According to the invention, it is possible to save time required for communication between a device and a server or advanced analysis in the server, and promptly identify entry/exit information and demographic information of visitors on site (i.e., in an offline space) where an edge computing device is installed.

According to the invention, it is possible to reduce a risk of legal issues related to privacy protection of a visitor contained in a captured video.

BRIEF DESCRIPTION OF THE DRAWINGS

FIG. 1 schematically shows the configuration of an entire system for analyzing a visitor on the basis of a video in an edge computing environment according to one embodiment of the invention.

FIG. 2 specifically shows the internal configuration of a device according to one embodiment of the invention.

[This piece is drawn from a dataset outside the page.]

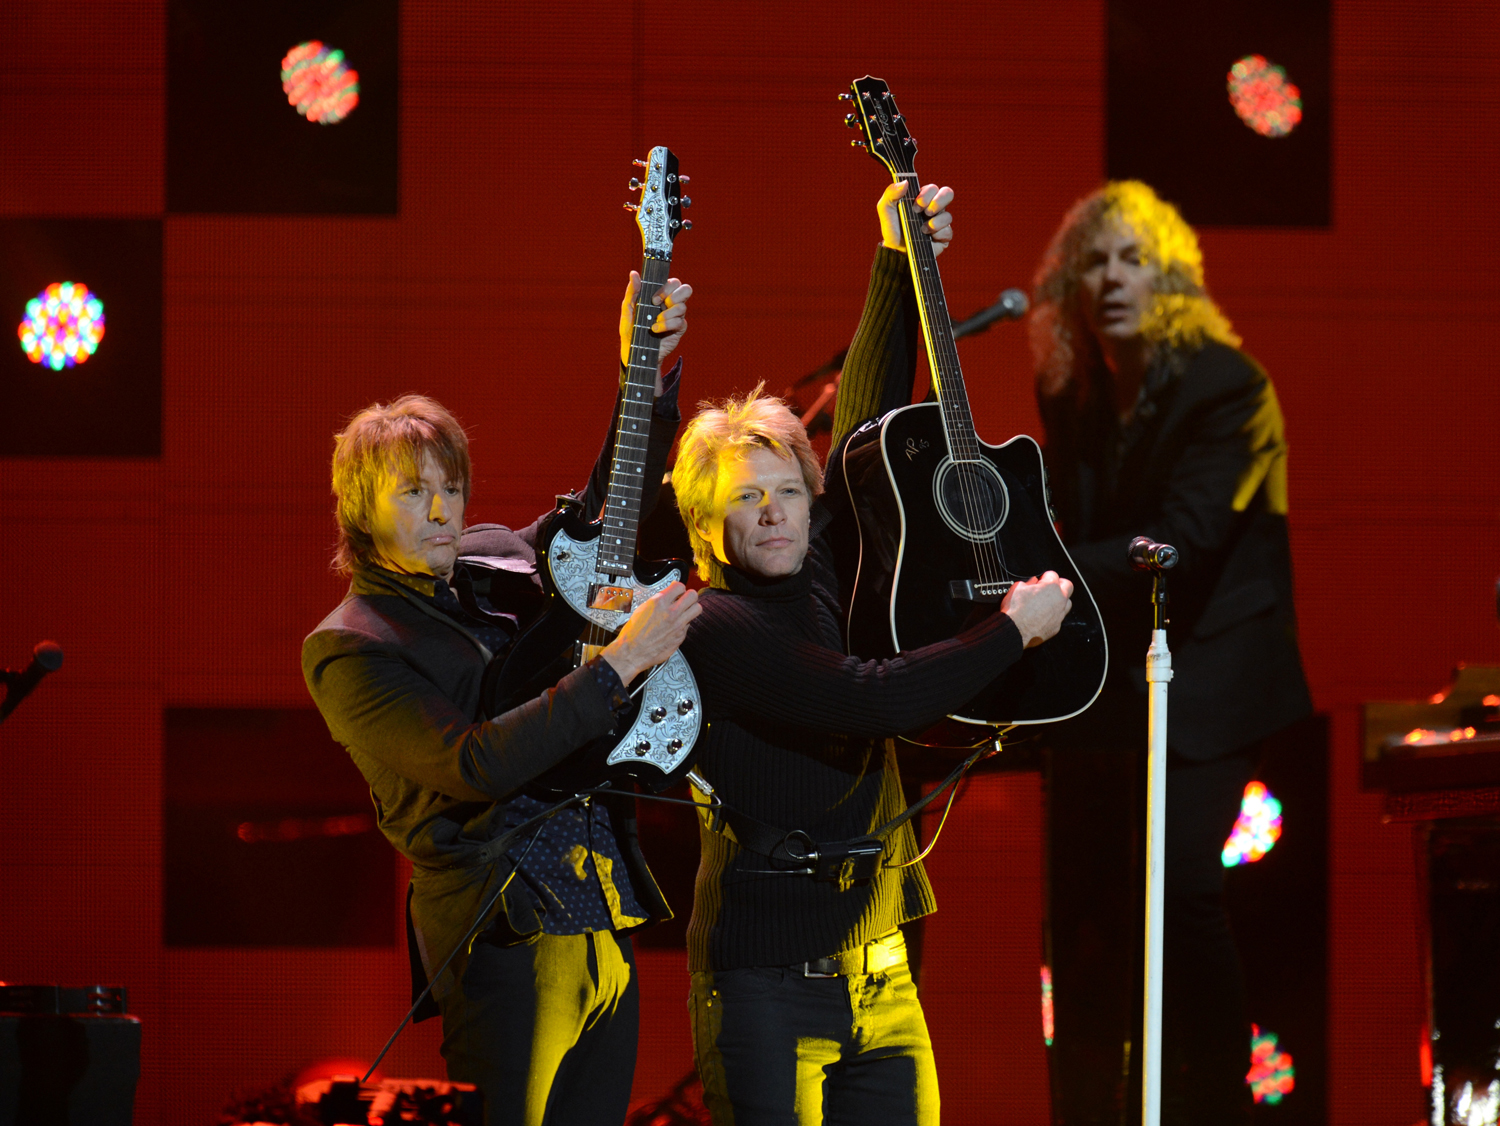 Jon Bon Jovi (R) performs during "12-12-12" a concert benefiting the victims of Hurricane Sandy

FIG. 3 specifically shows the internal configuration of an object recognition management unit according to one embodiment of the invention.

DETAILED DESCRIPTION

In the following detailed description of the present invention, references are made to the accompanying drawings that show, by way of illustration, specific embodiments in which the invention may be practiced. These embodiments are described in sufficient detail to enable those skilled in the art to practice the invention. It is to be understood that the various embodiments of the invention, although different from each other, are not necessarily mutually exclusive. For example, specific shapes, structures, and characteristics described herein may be implemented as modified from one embodiment to another without departing from the spirit and scope of the invention. Furthermore, it shall be understood that the positions or arrangements of individual elements within each embodiment may also be modified without departing from the spirit and scope of the invention. Therefore, the following detailed description is not to be taken in a limiting sense, and the scope of the invention is to be taken as encompassing the scope of the appended claims and all equivalents thereof. In the drawings, like reference numerals refer to the same or similar elements throughout the several views.

Hereinafter, various preferred embodiments of the present invention will be described in detail with reference to the accompanying drawings to enable those skilled in the art to easily implement the invention.

Configuration of the Entire System

FIG. 1 schematically shows the configuration of the entire system for analyzing a visitor on the basis of a video in an edge computing environment according to one embodiment of the invention.

As shown in FIG. 1, the entire system according to one embodiment of the invention may comprise a communication network 100, a server 200, and a device 300.

First, the communication network 100 according to one embodiment of the invention may be implemented regardless of communication modality such as wired and wireless communications, and may be constructed from a variety of communication networks such as local area networks (LANs), metropolitan area networks (MANs), and wide area networks (WANs). Preferably, the communication network 100 described herein may be the Internet or the World Wide Web (WWW). However, the communication network 100 is not necessarily limited thereto, and may at least partially include known wired/wireless data communication networks, known telephone networks, or known wired/wireless television communication networks.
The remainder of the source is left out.